2. How long did it take you to write this book?

It was written in fits and starts (more fits than starts) over eight years.

3. How did you choose your characters’ names?

I googled popular names by decade, looking for ones that sounded like my characters. In the beginning, everyone’s name started with a D, which made all my early readers crazy.

4. How many drafts did you go through?

I completely rewrote two sections at least twice, but because all writing feels like rewriting to me, I don’t have a clear sense of distinct drafts, just countless changes.

5. Who was the first person to read your manuscript?

My dearest friend Susan Terrill.

6. If your book were to become a movie, who would you like to see star in it?

The entire cast of Mad Men. (I’d write extra parts for them!)

7. What’s your favourite city in the world?

Rome. 

8. Did you always want to be a writer?

Yes, from around grade 5, when I read Harriet the Spy.

9. What was your very first story about? When did you write it?

My earliest stories were for kindergarten Show and Tell. They featured the daring exploits of my brother Jason (one day he ate a brick, another day a dress.) I may have neglected to mention that they were works of fiction.

10. What was your favourite book as a kid?

Harriet the Spy and The World’s Best Fairy Tales.

11. If you could be any character from any book, who would you be?
Smilla from Smilla’s Sense of Snow.

12. If there was one book you wish you had written what would it be?

I wish I had the brain that wrote One Hundred Years of Solitude.

13. If you could talk to any writer living or dead who would it be, and what would you ask?

I’d like to ask the geniuses in the Writers’ Room of The Simpsons to marry me. “John?

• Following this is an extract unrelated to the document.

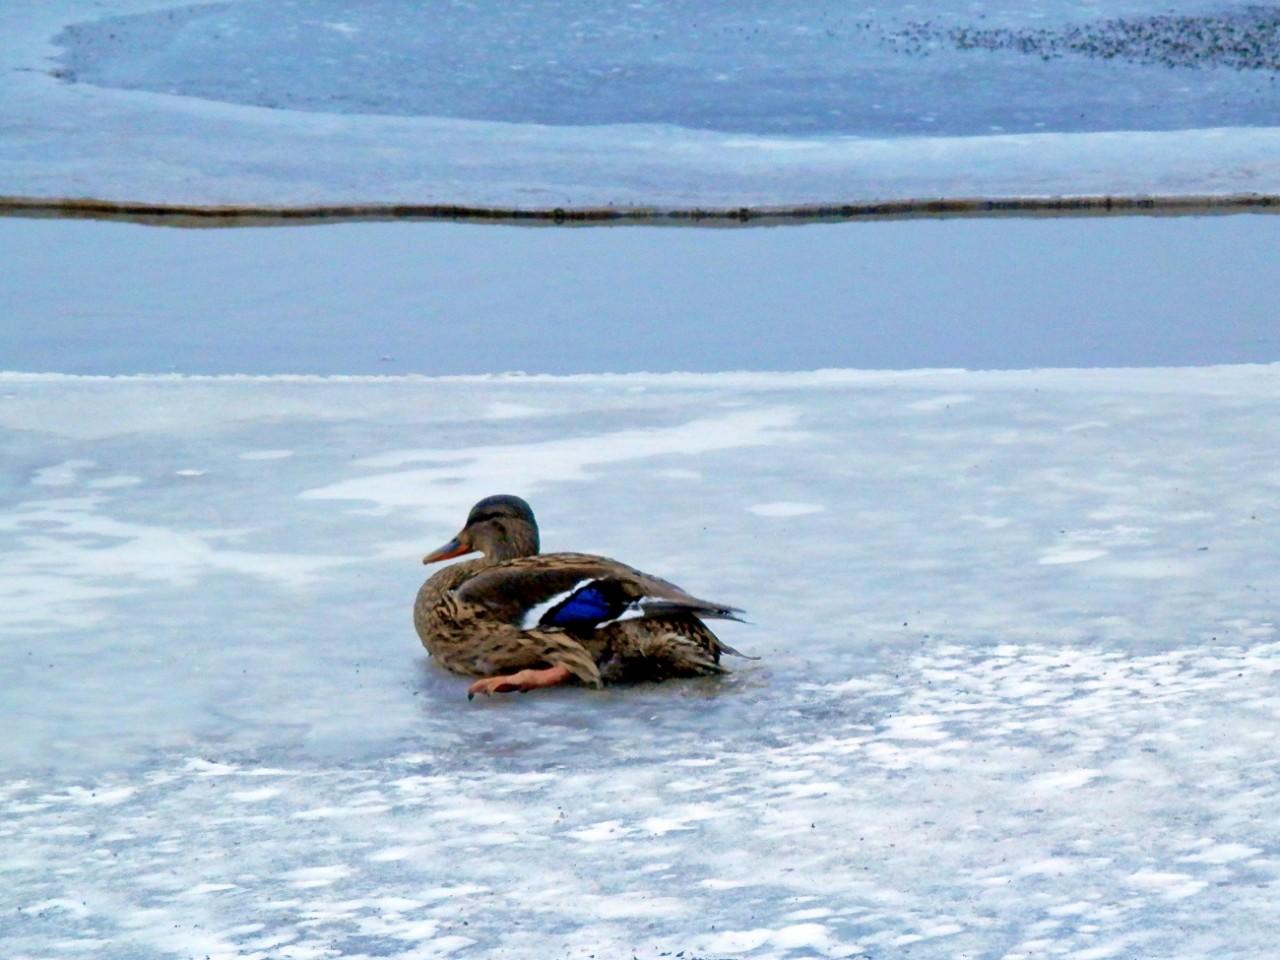 Чертаново Южное: Не дайте уткам вмёрзнуть в лёд! Они живые!

Al? George? Anyone?” 

14. How do you organize your library?

By genre: Non-fiction, poetry, favourite novels, Bhutan.

15. What’s on your nightstand right now?

Buddhism Without Beliefs (which is always on my nightstand) and The Solitude of Prime Numbers.

16. Where is your favorite place to write?

Near an open window, in the utter absence of leaf-blowers and lawn mowers.

17. Do you have any writing rituals?

I go through the four stages of writing: procrastination, bargaining, pseudo-writing (“Making lists: 13 minutes. Researching cocktails from 1926: 28 minutes”), acceptance.

18. When do you write best, morning or night?
Morning.

19. What is the best gift someone could give a writer?
The Writer’s Ultimate Gift Basket would contain books, coupons for a maid service, good quality coffee, and sincere high praise.

20. What is the best advice someone could give a writer?
“Use a pencil.” I got this advice from Nino Ricci when I said I was having trouble with plot. His suggestion to write early drafts in longhand helped me to really think about the shape of the story (instead of merely polishing the sentences I already had).